Цезарь, стр. 36

Но, несмотря на все предосторожности, случай погубил оба реестра: Филаргир потерпел крушение в море и утратил свою копию вместе со всеми тюками, вверенными его попечению; свою же Катон бережно сохранял до самой Керкиры; но там, на площади матросы так сильно разожгли костры, что пламя перекинулось на палатки, и реестр погиб в огне.

А когда один из его друзей стал сокрушаться по поводу этого несчастья:

– Я составил этот реестр не для того, чтобы доказать мою преданность, – сказал Катон, – но для того, чтобы показать другим пример строжайшей точности.

Когда в Риме стало известно о его прибытии, все население высыпало к реке встречать его.

При виде этого флота, – поскольку Катон, отбыв с одним-единственным суденышком, возвращался теперь с флотом, – при виде этого флота, идущего вверх по Тибру, и следующей за ним по берегу толпы народа, всякий счел бы это за триумф.

Возможно, Катону следовало бы из скромности остановиться на том самом месте, где его встречали преторы и консулы; но он не счел нужным сделать этого. Он продолжал плыть на царской галере Птолемея – великолепной галере с шестью рядами весел, – и остановился лишь тогда, когда привел свой флот в гавань.

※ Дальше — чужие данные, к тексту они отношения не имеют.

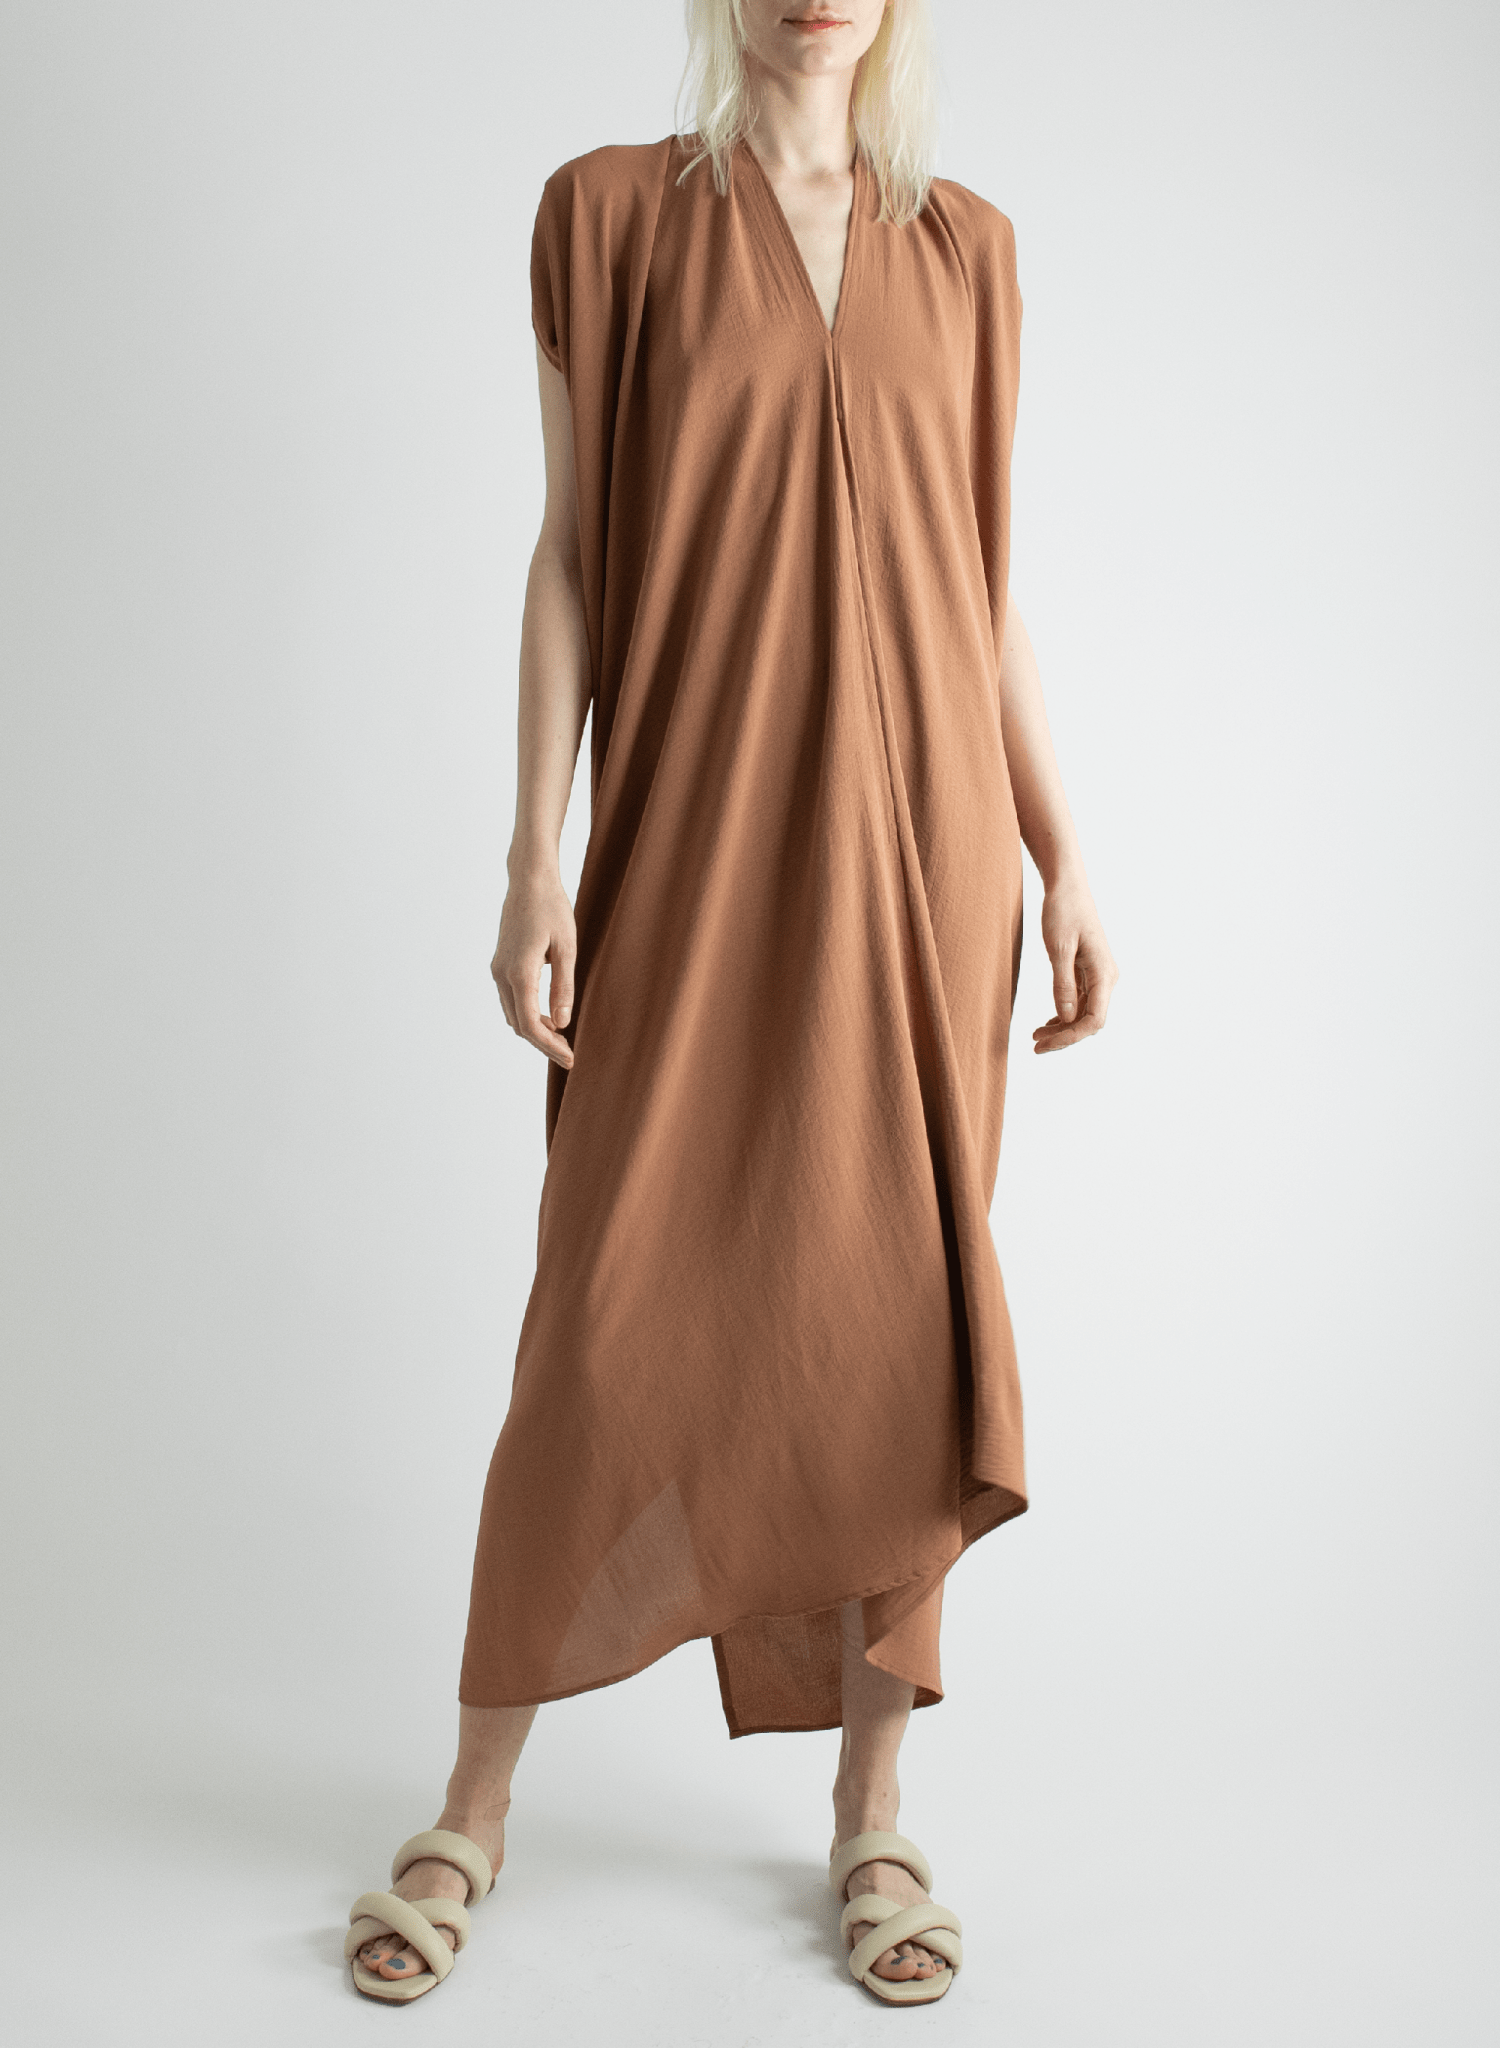 Abstraction Dress - Latte - Meg

Будучи большими поклонниками Катона, мы все-таки не можем скрыть от наших читателей, что поначалу такое неожиданное у знаменитого стоика проявление гордыни произвело на Рим очень плохое впечатление.

Но когда все увидели, как через Форум понесли огромные количества золота и серебра, которые он привез в Рим, вопреки обычаям остальных проконсулов, восхищение его бескорыстием рассеяло предубеждение, навеянное его чванством.

Сенат тоже не поскупился на почести Катону. Собравшись, он постановил пожаловать ему внеочередную претуру и право присутствовать на зрелищах в тоге с пурпурной каймой.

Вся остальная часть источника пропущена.